Lake promoted the song on her Twitter account and is credited as an artist on Spotify, Apple Music and Amazon Music. “Our elections are corrupt,” Lake tweeted Tuesday. “This song lays it out.” While she didn’t perform on the track, it’s laden with her sound bites from public speeches, including “I am not suicidal” and “We’re living on planet crazy.”

Well said, Kari.

The song was first uploaded to YouTube on June 2, and comments were disabled.

Conservative ex-journalist Ed Henry, who was fired from Fox News in 2020 after the network investigated sexual assault allegations against him, owns the Mailman Media record label that signed Lake and The Truth Bombers. On a June 2 podcast, Henry noted that LJ Fino, the music exec behind Trump and the J6 Prison Choir’s “Justice For All,” was a collaborator.

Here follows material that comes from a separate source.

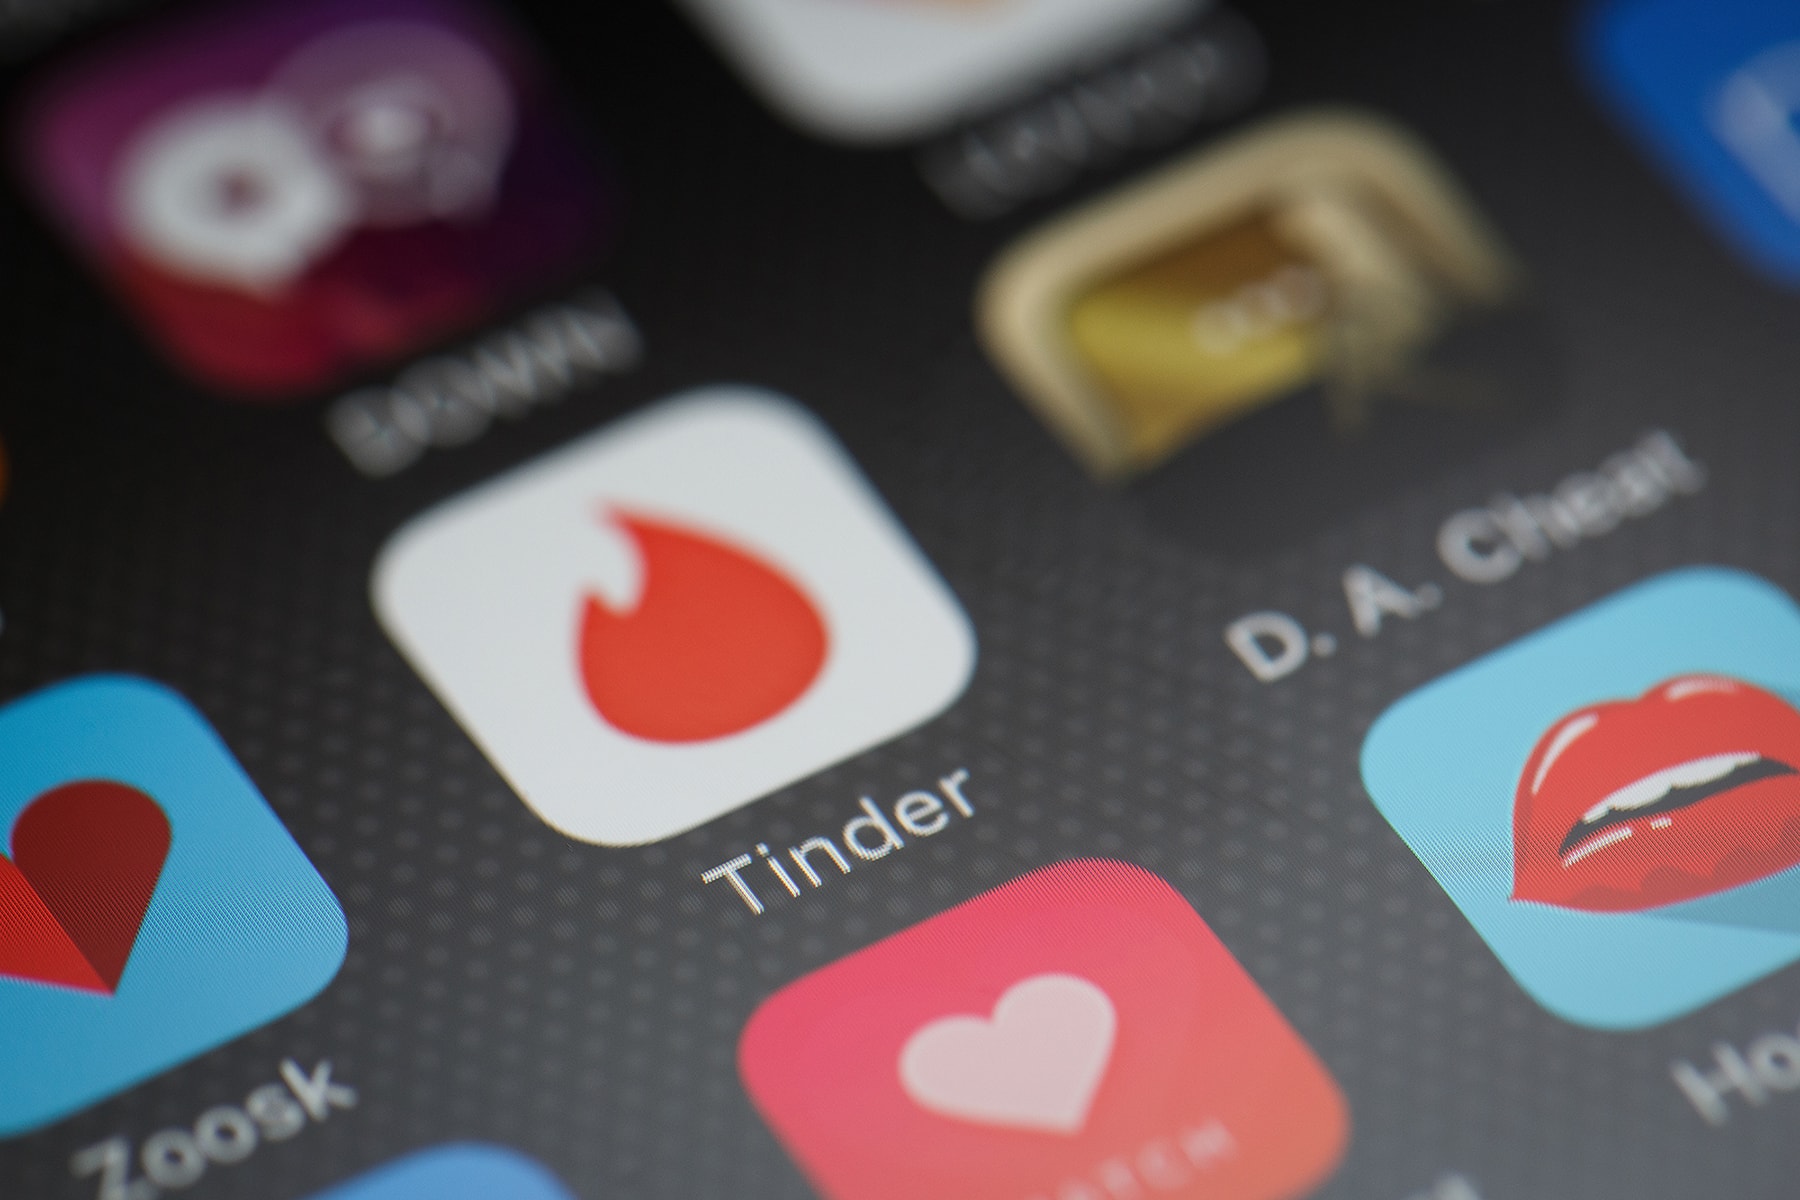 tinder match group bumble dating app lawsuit suing

Lake’s fans “were just hungry for this kind of music,” Henry said on the podcast. However, the comments under Lake’s promotional tweet, which features images of Lake and Trump engulfed in flames as President Biden falls down the steps of an airplane, are mostly negative.

Mailman Media will earn money whenever the song is streamed — as of Friday morning, it was played 85,000 times on YouTube and 10,000 times on Spotify — but it’s unclear where the profits will go. Mailman Media claimed to have donated proceeds from “Justice For All” to the families of people who were imprisoned for their roles in the Jan. 6, 2021, riot at the U.S. Capitol.

On its website, Mailman Media also is peddling shirts and ball caps adorned with the song’s title, The Truth Bombers logo and Lake’s highly retouched face. You can even get vinyl records of the song for $100 a pop.

“We’re going to start releasing more of these songs,” Henry said on the recent podcast, speaking of Lake and The Truth Bombers. He said the songs would focus on themes of election fraud and conspiracy theories.